Updated

The reverend and civil rights advocate who gave the benediction at President Obama’s inauguration suggested at a recent Obama re-election rally that he thinks white people are going to hell -- though he later said it was just a joke.

The Rev. Joseph Lowery spoke at a rally Saturday in Georgia. According to an account in the Monroe County Reporter, "Lowery said that when he was a young militant, he used to say all white folks were going to hell. Then he mellowed and just said most of them were.

"Now, he said, he is back to where he was," according to the newspaper.

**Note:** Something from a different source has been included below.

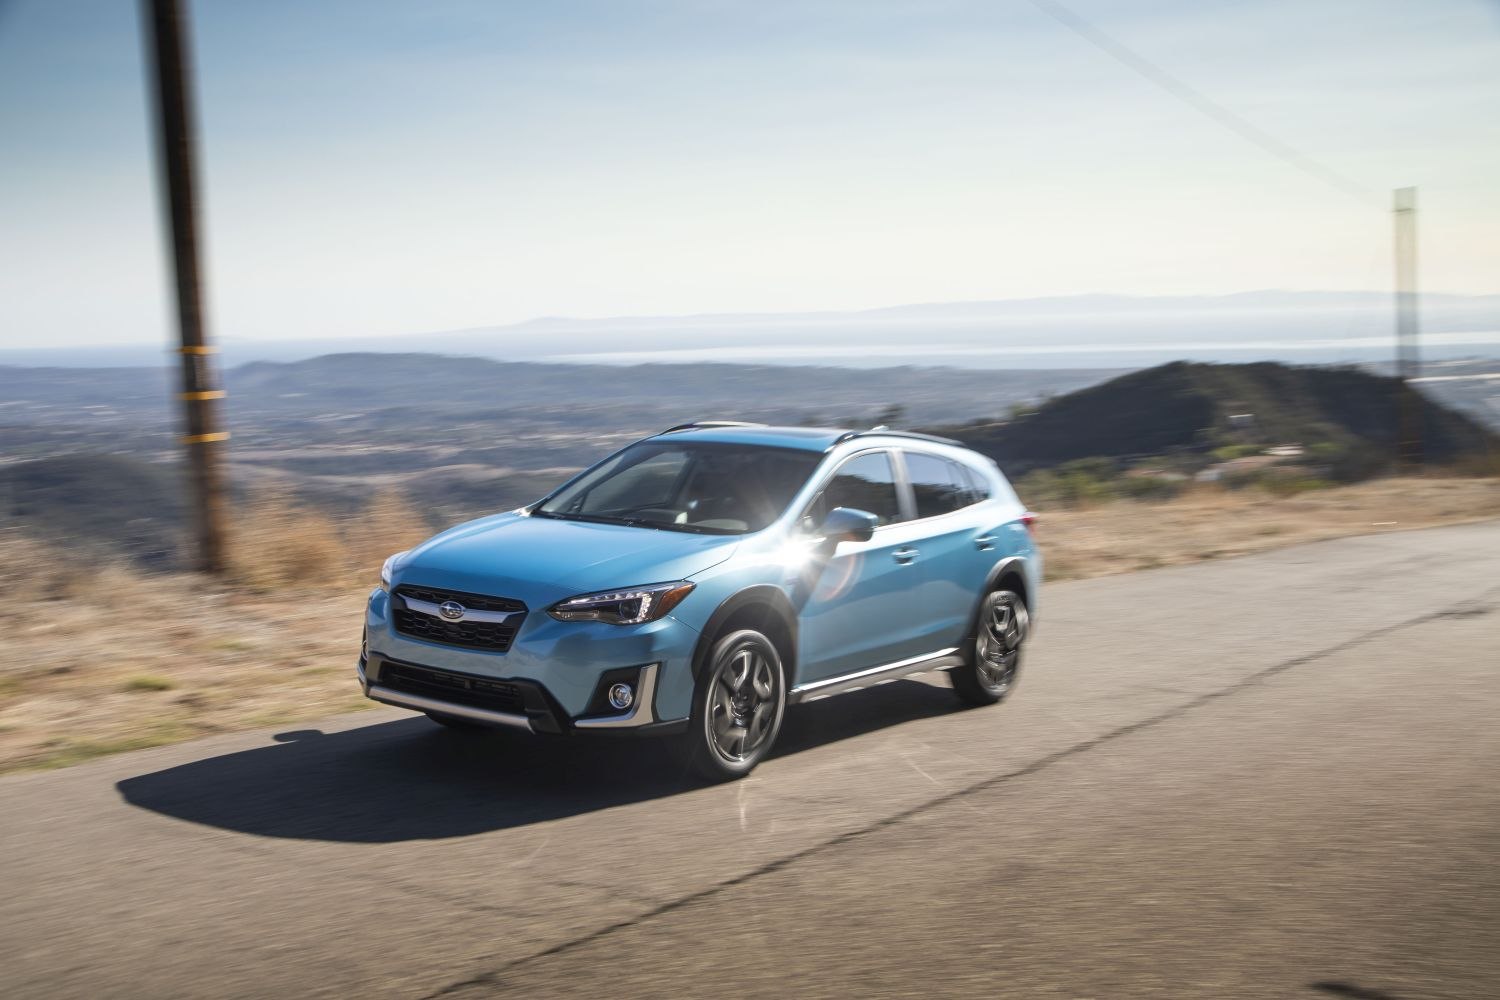 Subaru Crosstrek technical specifications and fuel economy

"I don’t know what kind of a n----- wouldn’t vote with a black man running," he also told the audience in the St. James Baptist Church in Forsyth, Ga., according to the paper.

The 91-year-old Lowery, though, told an Atlanta-area TV station and the Daily Caller that the monologue was a joke and from the perspective of a young militant.

Lowery also said he made clear at the time that the comments -- at the event reportedly attended by hundreds of African Americans -- were intended as a joke.

Still, Forsyth Mayor John Howard said he was “pretty shocked” by the comments, according to the newspaper.

Lowery told the Daily Caller he doesn’t remember making the n-word comment.

“I never said that, I don’t remember saying that.”

Lowery was awarded the Presidential Medal of Freedom in 2009 by President Obama. His benediction in 2009 for Obama's inauguration included one racially charged, though somewhat whimsical, line.

He closed with the following passage: "Lord, in the memory of all the saints who from their labors rest, and in the joy of a new beginning, we ask you to help us work for that day when black will not be asked to get in back, when brown can stick around, when yellow will be mellow, when the red man can get ahead, man -- and when white will embrace what is right."